- [Exercise instructions]:
Write out the listing from the line with "infografia_como_usar_twitter_como_herramienta_de_ventas" to the line with "antique throne chair 3d", both lines included, exactly and nothing beyond. Leave pictures out.
[[ Records shown open ]]
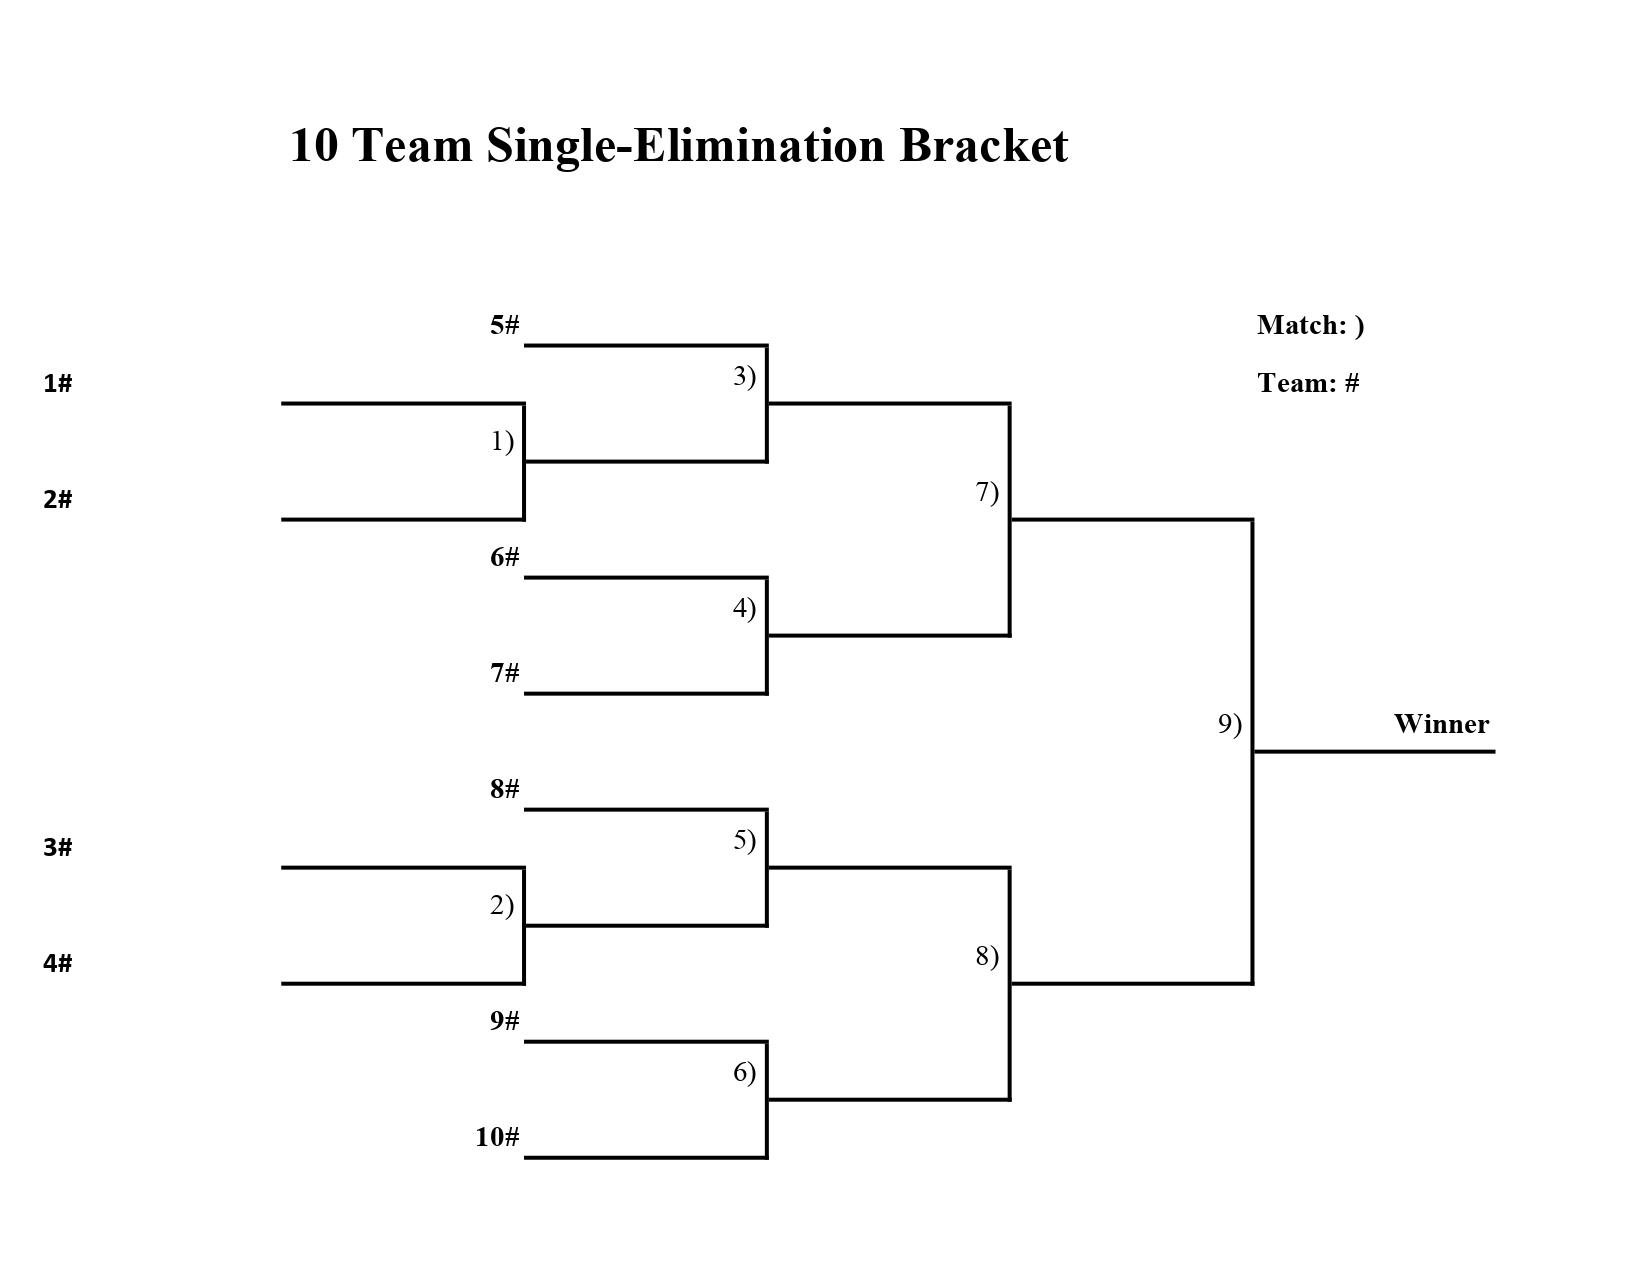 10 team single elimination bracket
[[ Records shown closed ]]
[[ Records shown open ]]
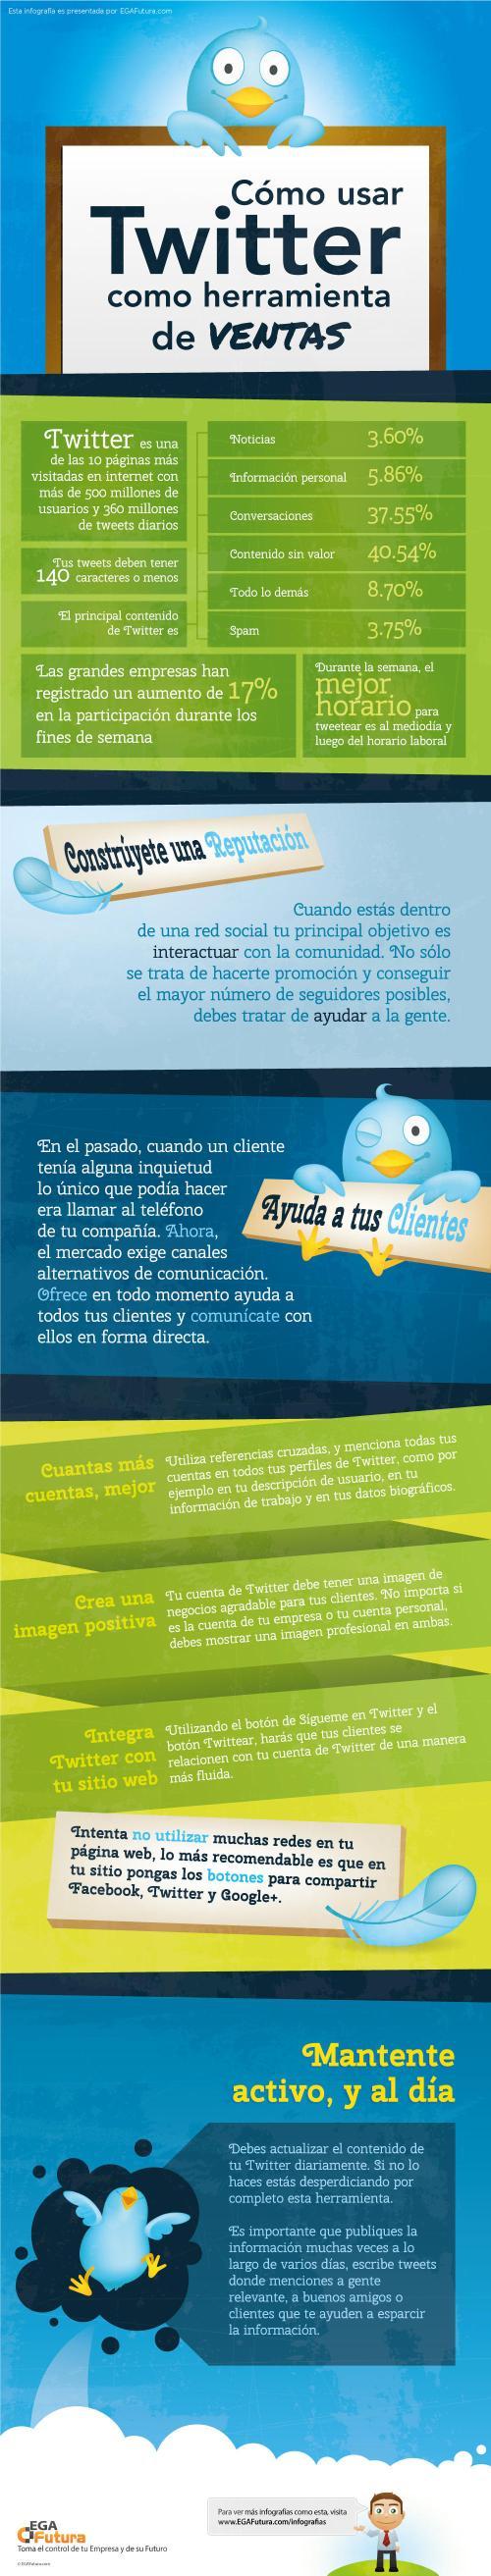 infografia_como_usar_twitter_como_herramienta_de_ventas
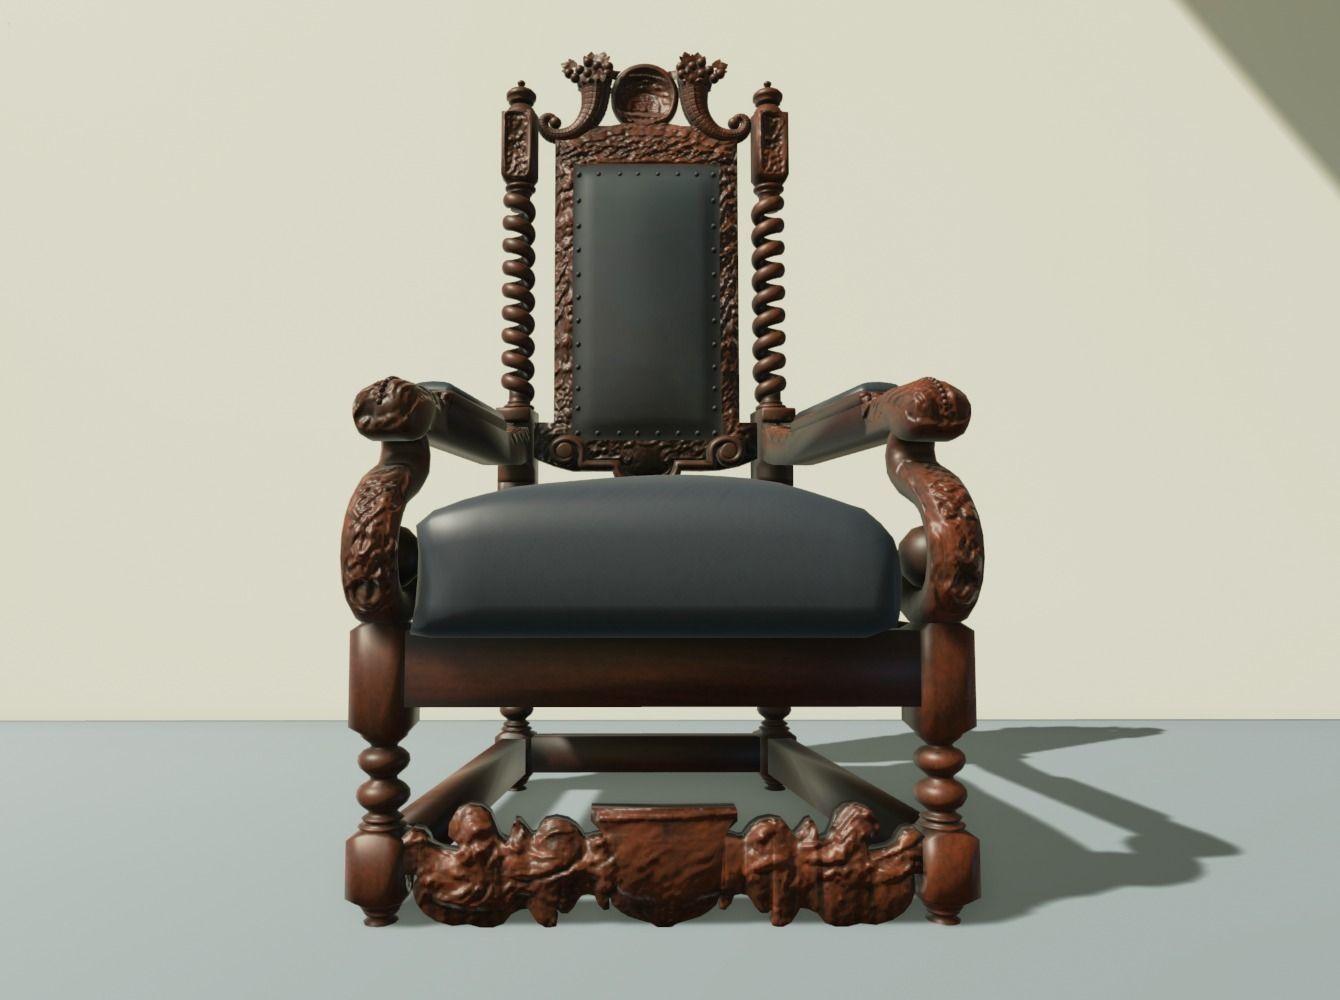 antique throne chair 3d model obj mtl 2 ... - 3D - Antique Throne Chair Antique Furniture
[[ Records shown closed ]]
- [Expected output]:
 infografia_como_usar_twitter_como_herramienta_de_ventas
 antique throne chair 3d model obj mtl 2 ... - 3D - Antique Throne Chair Antique Furniture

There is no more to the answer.